Ahn Sahng-hong (
; 13 January 1918 – 25 February 1985) was a South Korean Christian minister and founder of the Church of God Jesus Witnesses. In 1948, after receiving the baptism of the Seventh-day Adventist priest, he began to call for the restoration of the truth of the New Testament and the last religious reformation. In 1964, he officially established the Church of God Jesus Witnesses in Busan. Ahn Sahng-hong believed that Catholic and Protestant Sundays, Christmas, Thanksgiving, and wearing the cross should not be observed because they are not biblical doctrines, and he advocated the observance of Sabbath and the seven festivals including Passover, Pentecost and Sukkot.

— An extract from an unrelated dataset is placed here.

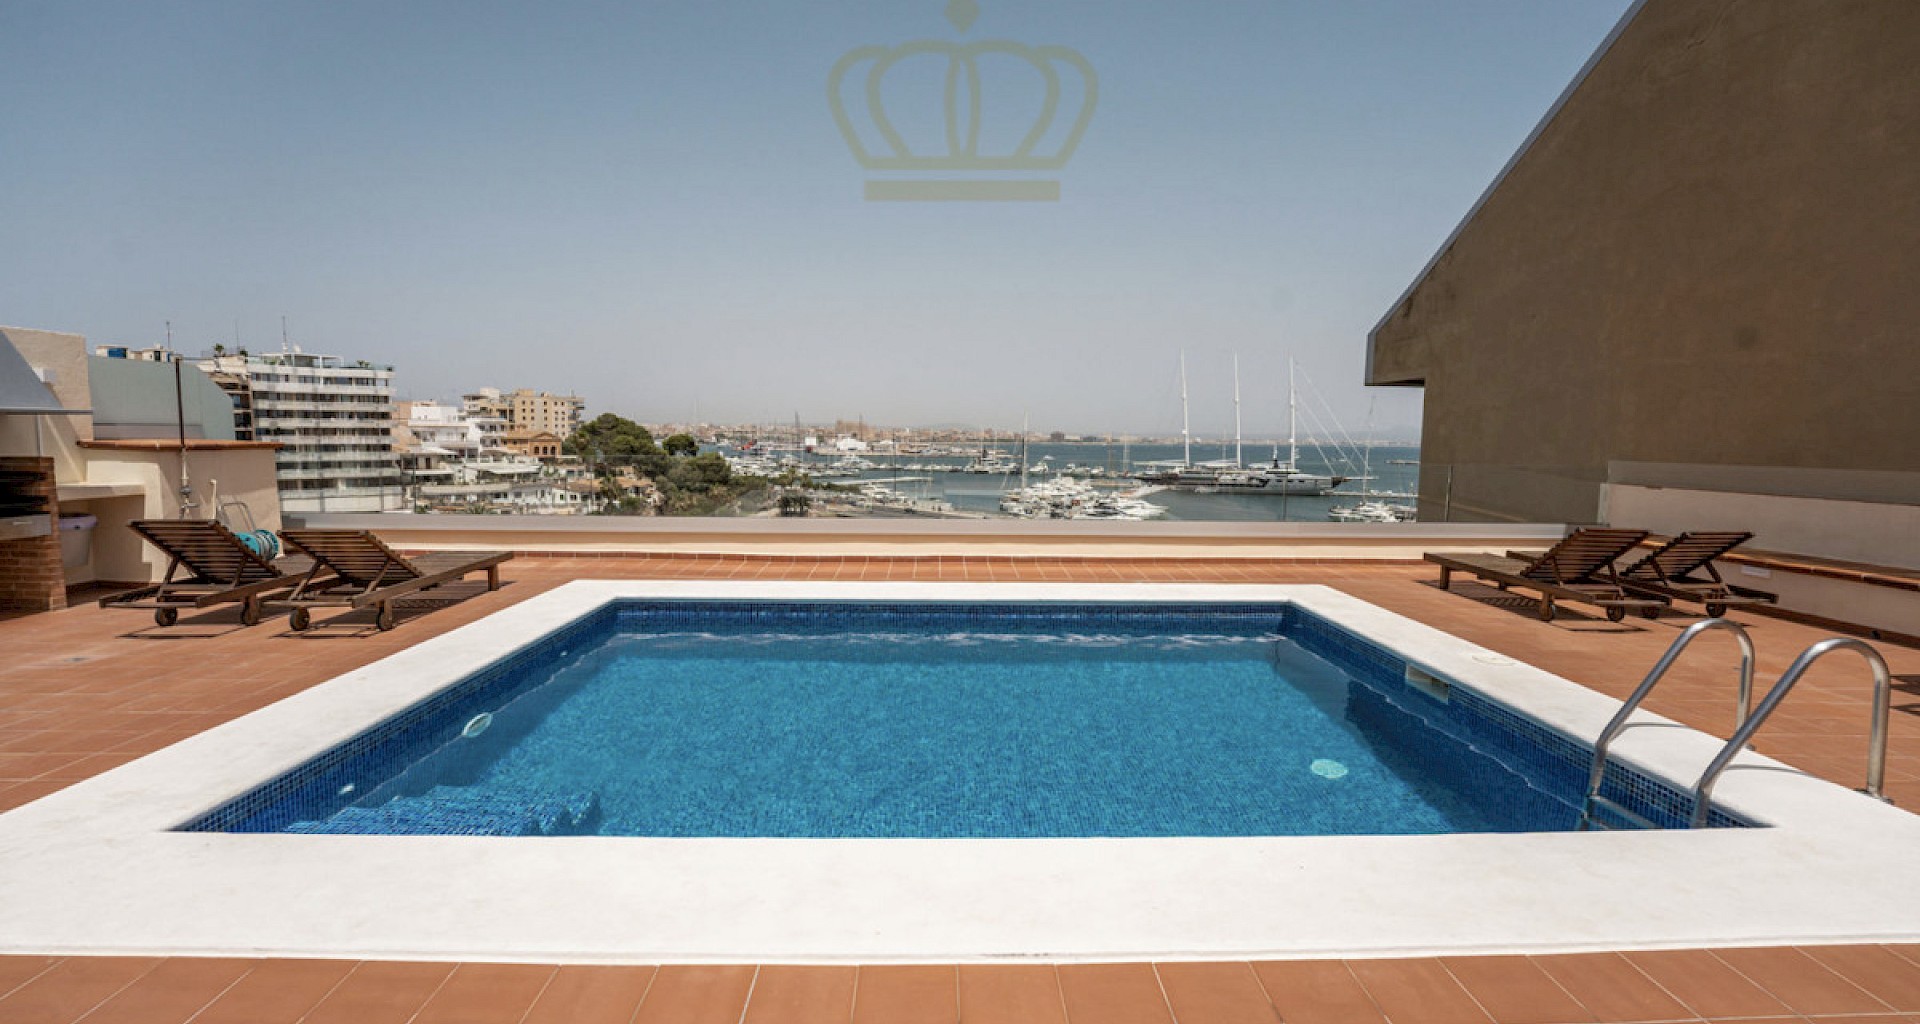 KROHN & LUEDEMANN Grußzügiges Apartment mit tollem Blick über den Hafen von Palma

On 15 April 1984, the last Passover Assembly was held in Gangdong District, Seoul; on 10 January 1985, the Provisional General Assembly was established in Seoul and a special conference was held. Shortly after his death in 1985, a schism took place, dividing the Church of God Jesus Witnesses into two sects, the , The other faction is the "Witnesses of Ahn Sahng-hong Church of God" established by Zahng Gil-jah, and what is today known as the World Mission Society Church of God. Both organizations claim him as their founder: the New Covenant Passover Church of God sees Ahn as a teacher; the World Mission Society Church of God sees Ahn as God.

Early life 
Ahn was born to Buddhist parents on 13 January 1918 in the small, rural village of Myeongdeok-ri in the North Jeolla Province at a time when Korea was under Japanese rule. The family migrated to Busan, where Ahn grew up in the Haeundae District, the city in which he would later found his church.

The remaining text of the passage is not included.